We adopted the following Bylaws:
Zoning Amendment Bylaw (34 South Dyke Road) No. 8087, 2019
This zoning amendment that you may not remember because no-one even showed up when it came to Public Hearing almost 16 months ago, but will nonetheless see 16 townhouses built on a vacant lot on South Dike Road, including a swap of some lands to make a better dike and waterfront park in that area, was finally adopted by Council.
Heritage Revitalization Agreement Bylaw (709 Cumberland Street) Bylaw No. 8233, 2020
This HRA that will see a replica heritage house to replace one lost, and another heritage house moved to a subdivided lot by the Canada Games Pool was adopted by Council.
Heritage Revitalization Agreement (631 Second Street) Bylaw No.8239, 2020 and Heritage Designation (631 Second Street) Bylaw No. 8240, 2020
This HRA that will see a “character house” in Glenbrook North permanently preserved and a second infill house build on the lot was adopted by Council.
Sign Amendment Bylaw 8182, 2020
This Bylaw that puts some further restrictions on Election signs in the City was adopted by Council.
DCC Reserve Funds Expenditure Bylaw No. 8244, 2020
This Bylaw that allows us to take the money we collected from developers and spend it on utility upgrades as per the DCC Bylaw was adopted by council.
Finally, we had one piece of New Business
Increases to Disability Assistance and Income Assistance
Councillor Nakagawa brought the following motion:
BE IT RESOLVED THAT The City of New Westminster write to the Provincial Minister of Finance, the Premier, the Minister of Social Development and Poverty Reduction, the MLA for New Westminster, and the MLA for Richmond-Queensborough advocating that the government reinstate the $300 monthly top-up for people receiving disability assistance and permanently raise the rates of income assistance and disability assistance to a livable rate that is above the market basket measure.

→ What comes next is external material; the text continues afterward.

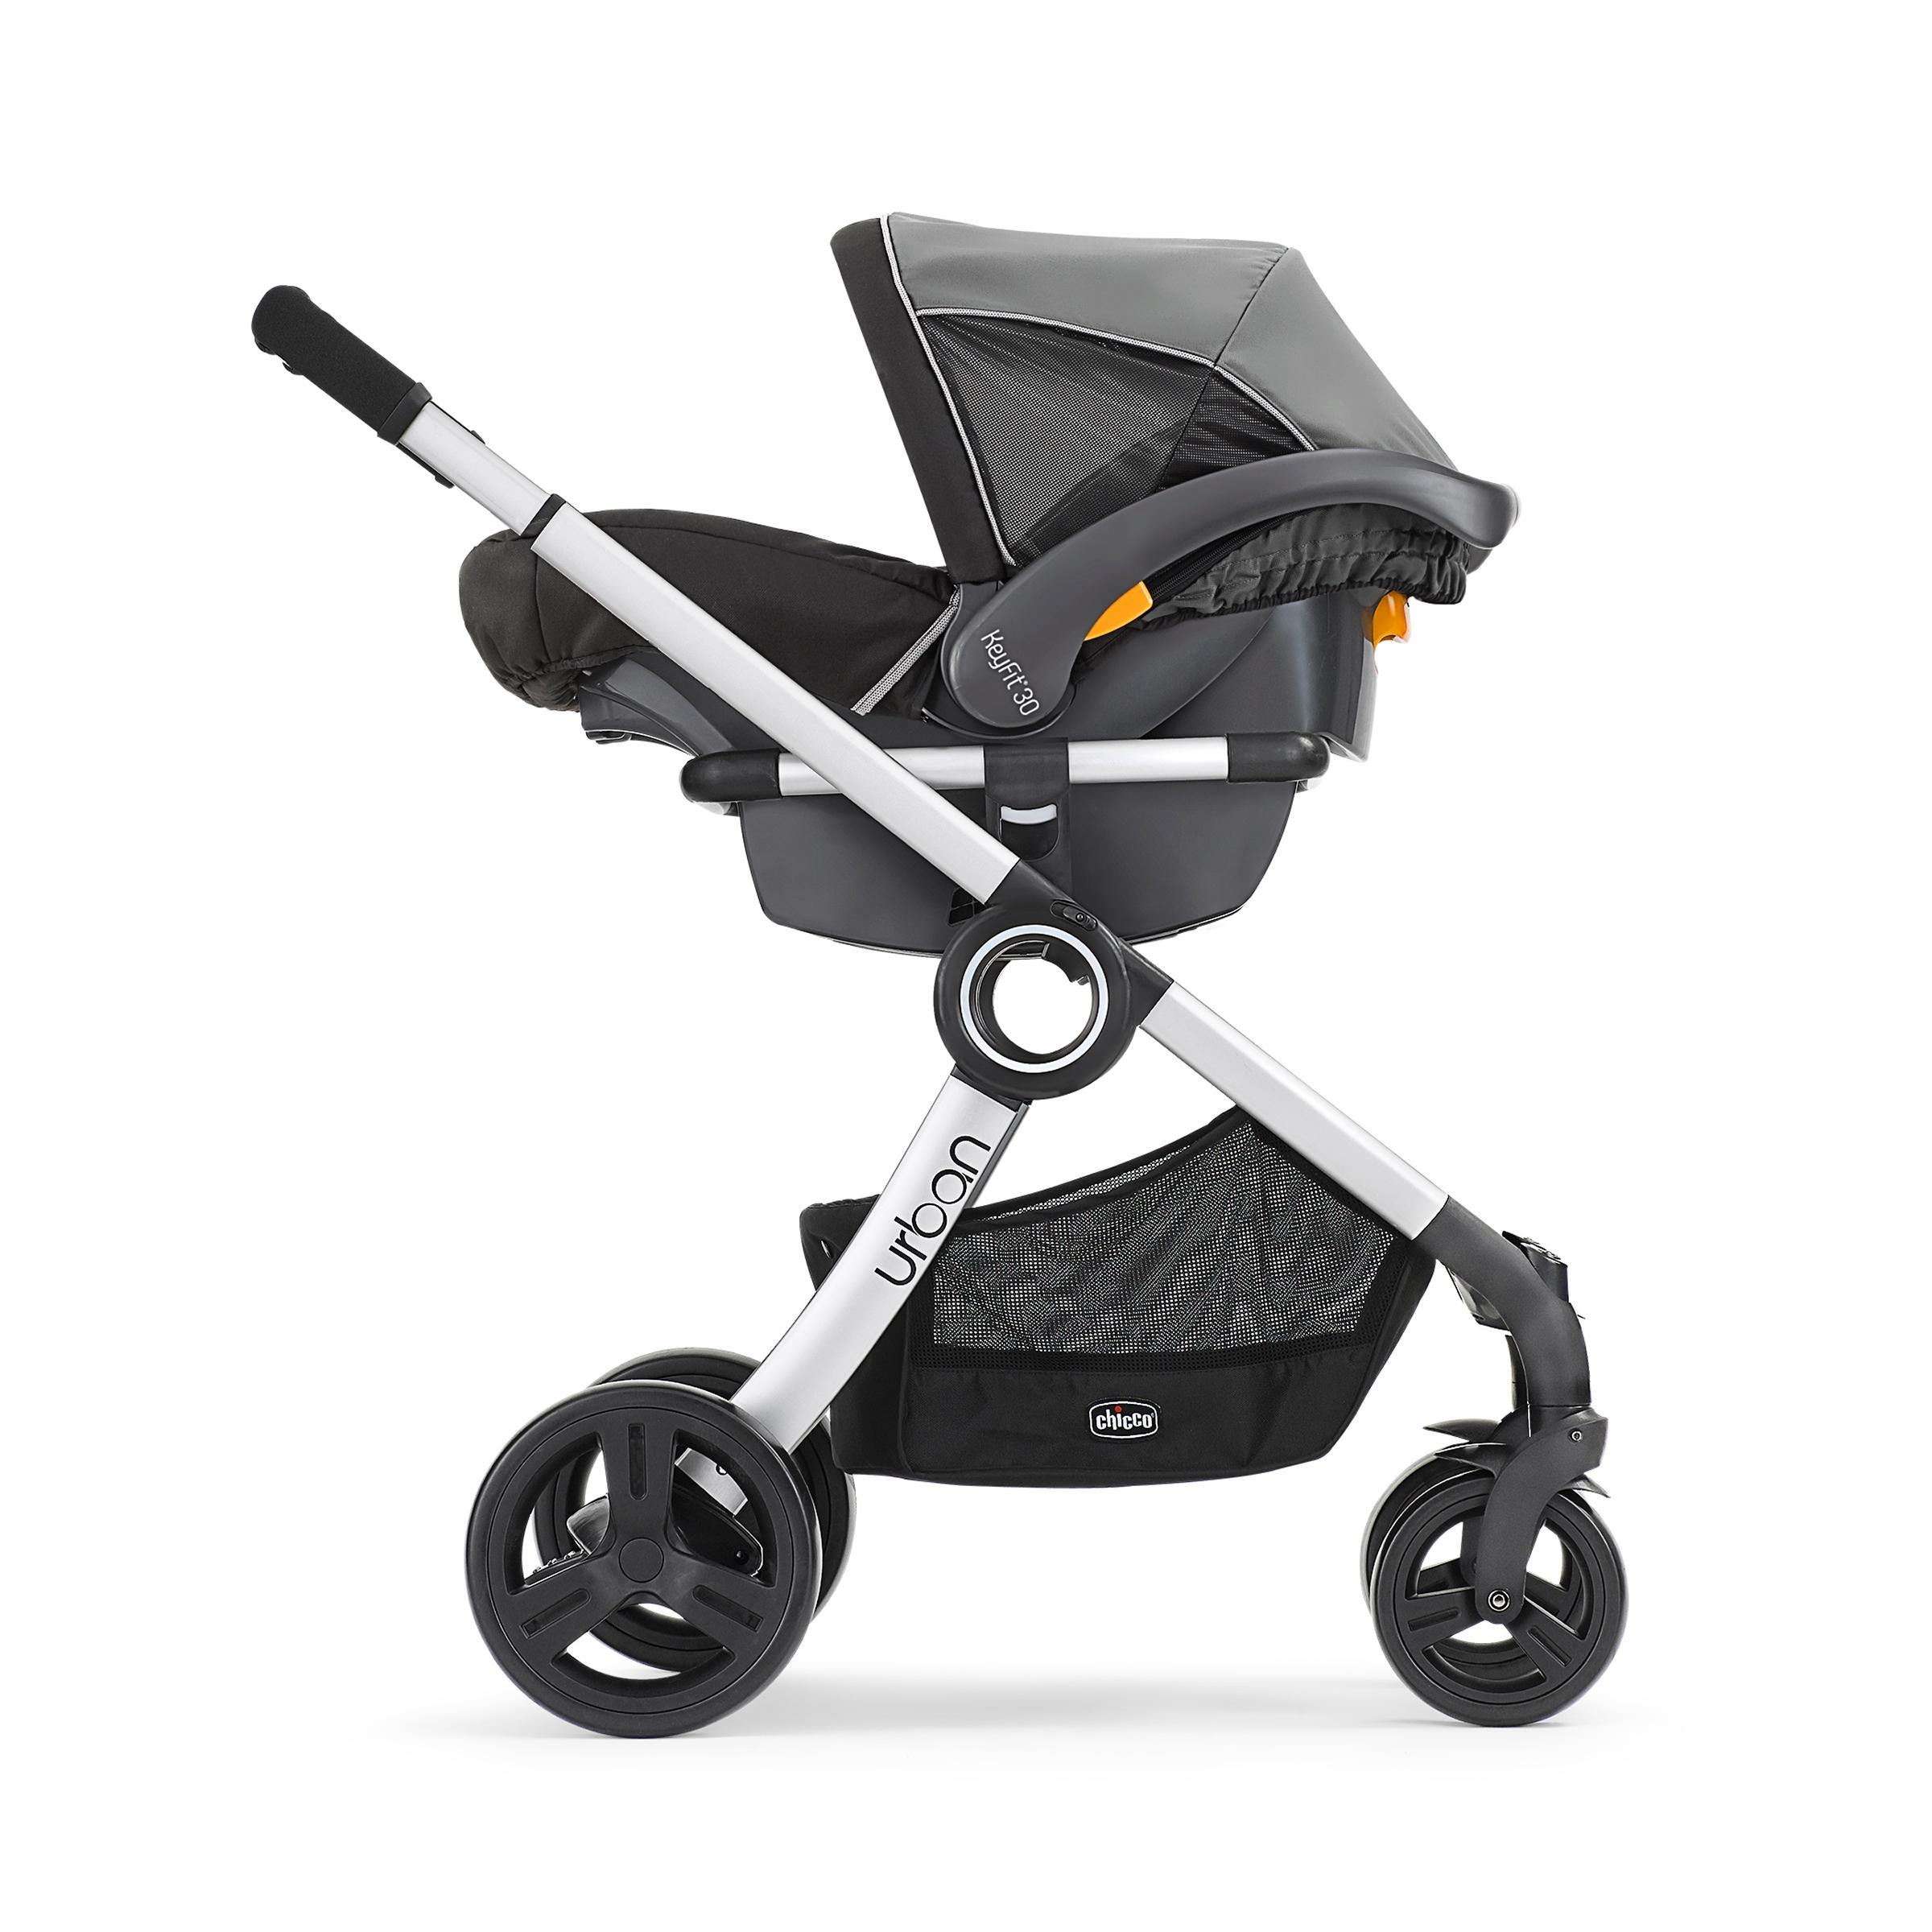 Chicco 6-in-1 Urban Baby Toddler KeyFit Stroller Infant ...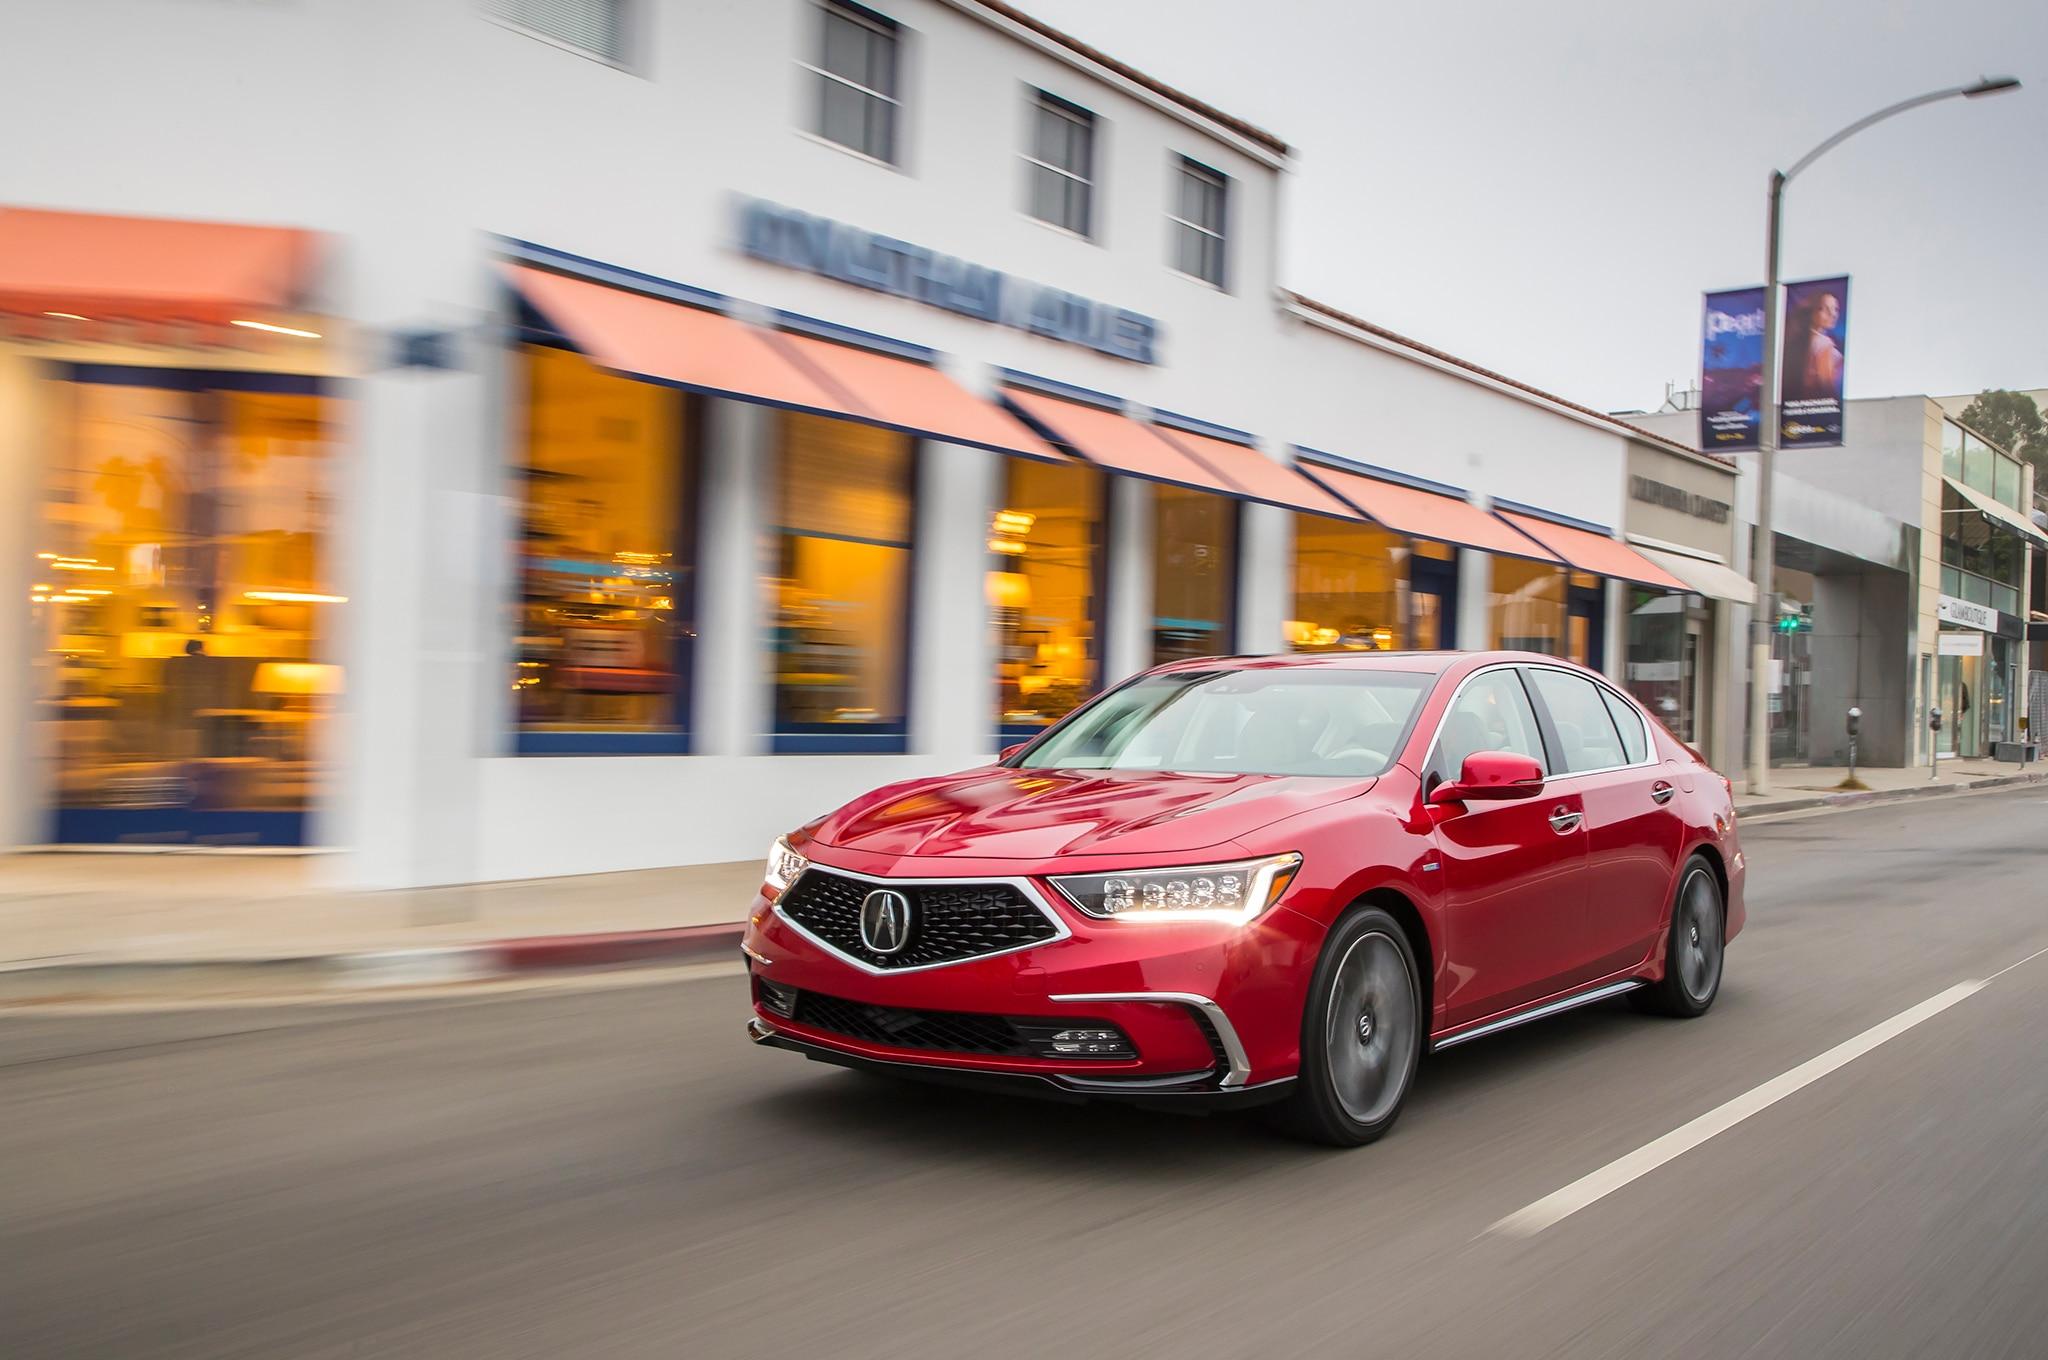 2018 Acura RLX Sport Hybrid Front Three Quarter In Motion 04

Council was unanimous in calling for this measure. It don’t understand why this area was chosen for government penny-pinching at this time, but the recent loss of the $300 top-up really hurts people living in our community at a time they can least adapt. It’s never a good time to cut support to the lowest income people in our society, this is the worst time.
And with that, we broke for the holidays. Have a safe Holiday, help somebody in need, and think of the positive recovery ahead. Peace.